Datasite: Cleveland Clinic


Datasite: Hungarian Inst. of Cardiology


Datasite: Univ. Hospitals Zurich and Basel


Datasite: V.A. Medical Center


In [7]:
from utils import check_status_last_code_requests

check_status_last_code_requests(datasites)

Datasite: Cleveland Clinic


Datasite: Hungarian Inst. of Cardiology


Datasite: Univ. Hospitals Zurich and Basel


Datasite: V.A. Medical Center


## Step 4. Train Models on all datasites

In [8]:
from utils import dump_model

In [9]:
for name, datasite in datasites.items():
    print(f"Datasite: {name}")
    data_asset = datasite.datasets["Heart Disease Dataset"].assets["Heart Study Data"]
    serialised_model = datasite.code.train(data=data_asset).get_from(datasite)
    print(dump_model(datasite_name=name, model_buffer=serialised_model))

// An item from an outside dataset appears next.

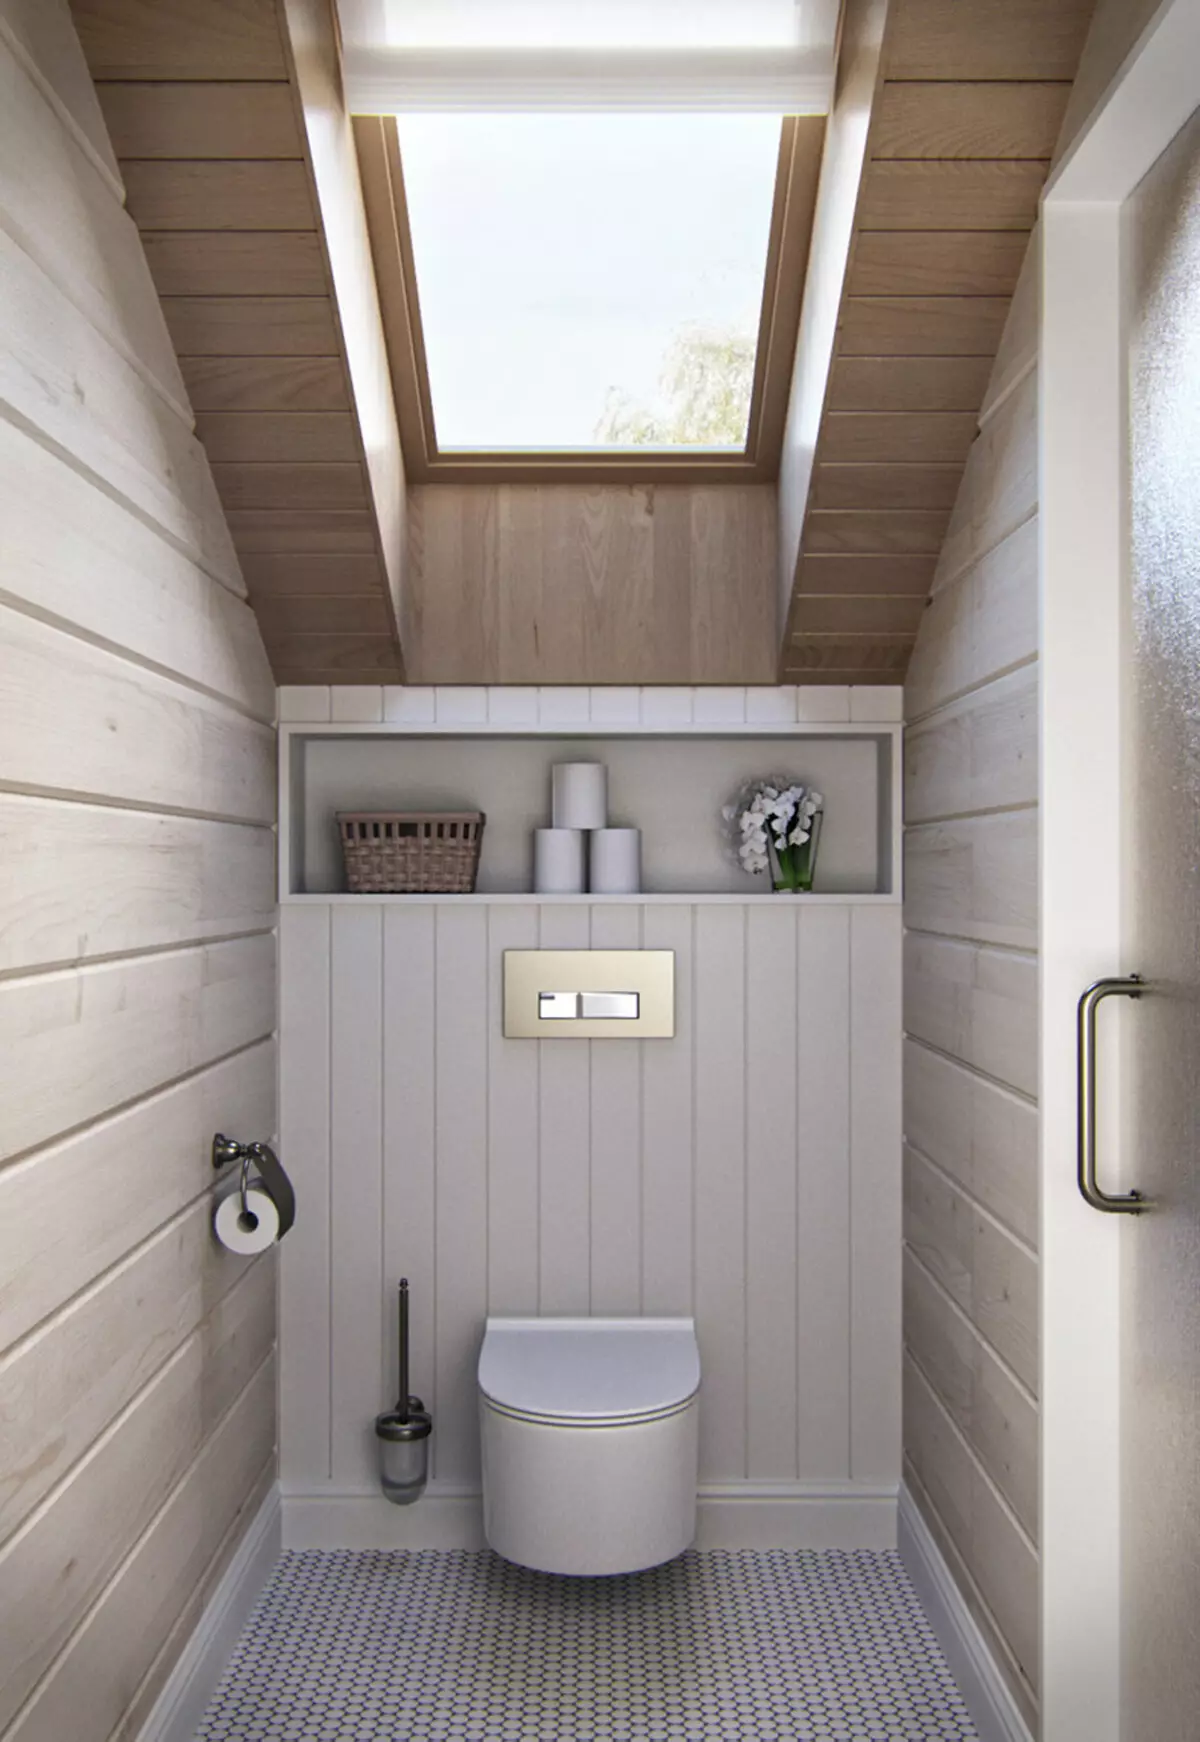 ห้องน้ำในบ้านไม้ (76 รูป): การออกแบบห้องพักในบ้านของบาร์ในประเทศตัวอย่างของพื้นเสร็จสิ้นแผนการระบายอากาศ 10475_65
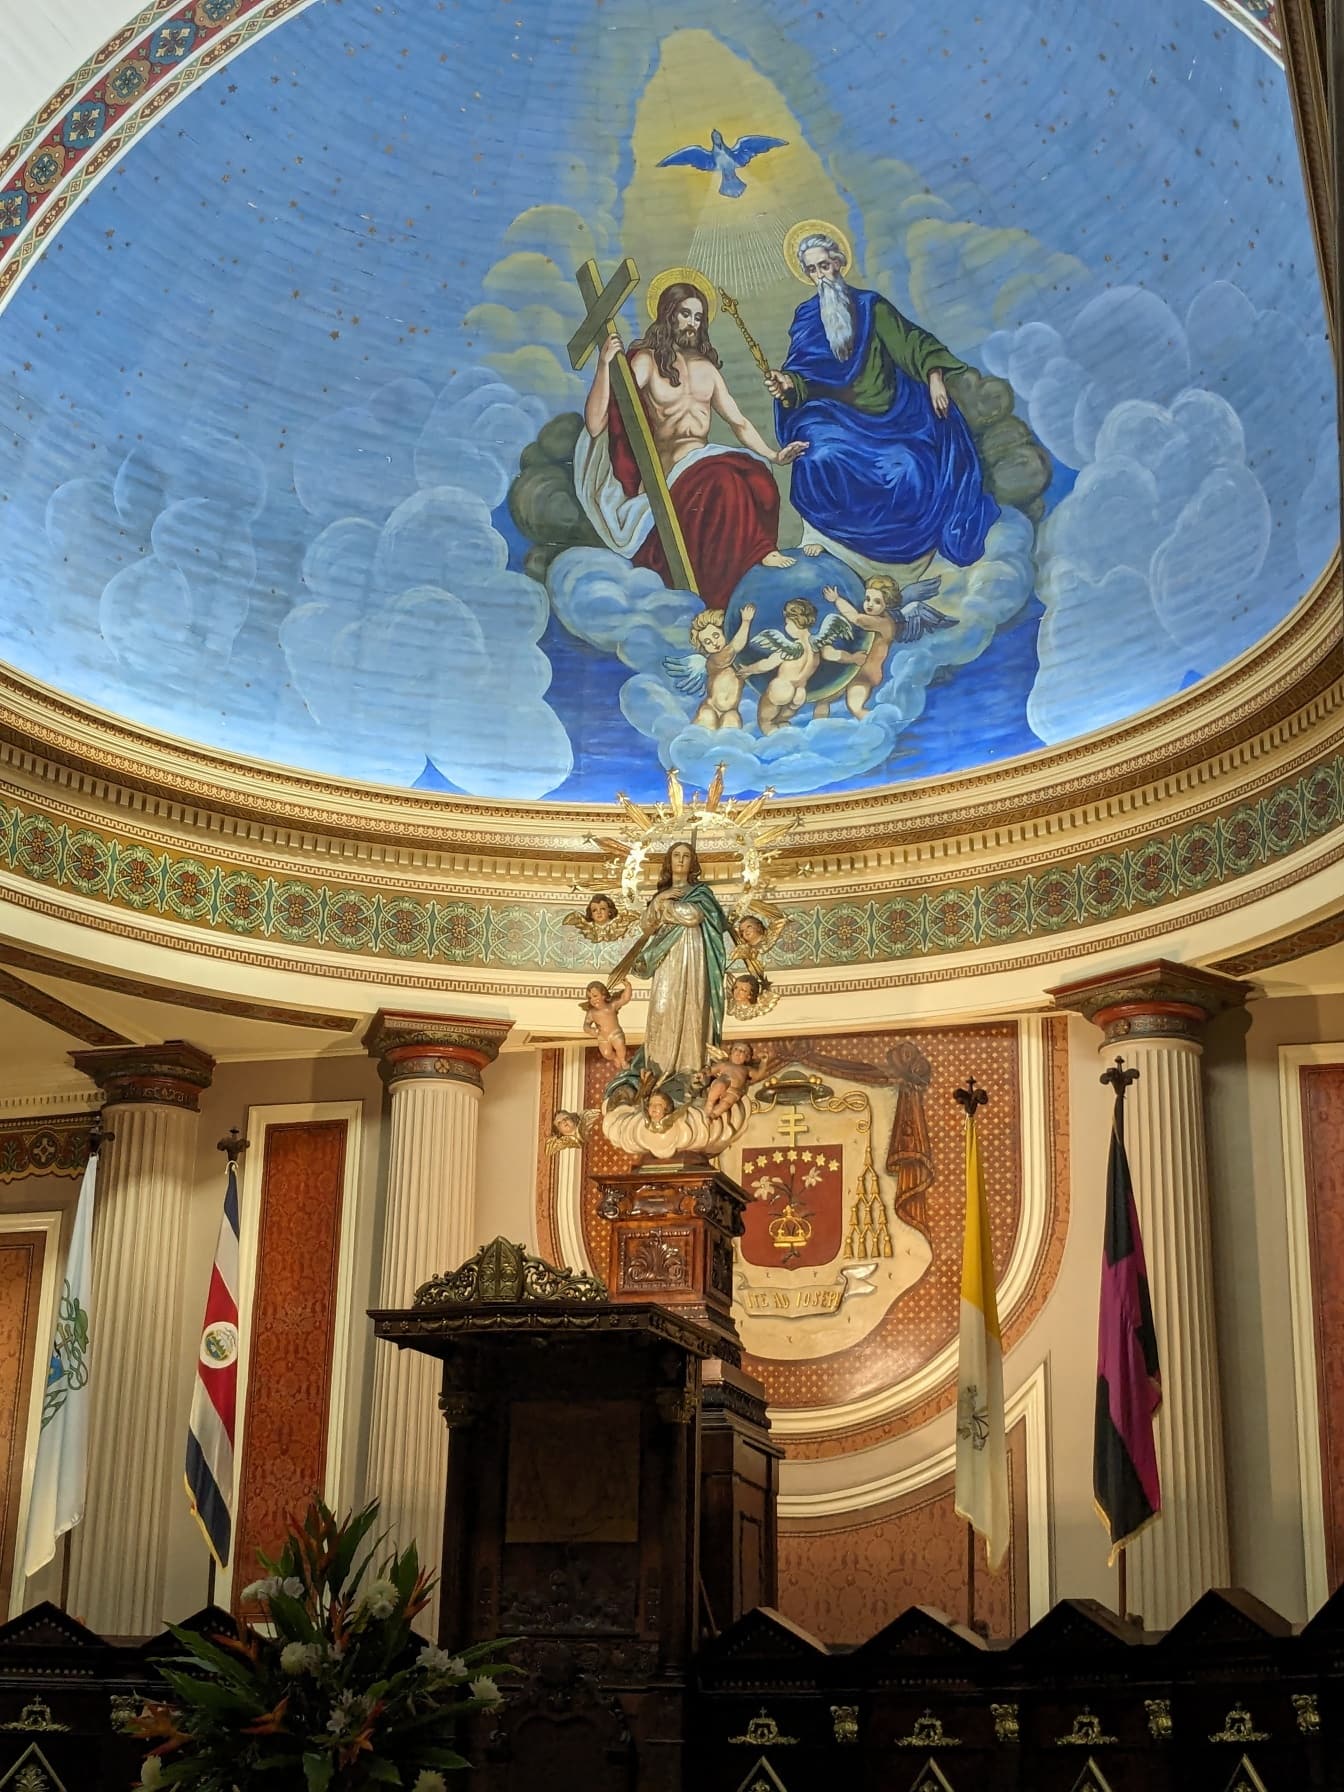 San Jose’s Metropolitan kathedraal met koepel met een frescco op het plafond

Datasite: Cleveland Clinic
Model saved in models/cleveland_clinic_model.jbl
Datasite: Hungarian Inst. of Cardiology
Model saved in models/hungarian_inst_of_cardiology_model.jbl
Datasite: Univ. Hospitals Zurich and Basel
Model saved in models/univ_hospitals_zurich_and_basel_model.jbl
Datasite: V.A. Medical Center
Model saved in models/va_medical_center_model.jbl


## Conclusions

We have trained and stored independently **four** Random Forest Classifiers, using the (non-public) data on each Hospital (datasite) and <u>_without never seeing the training data_</u>!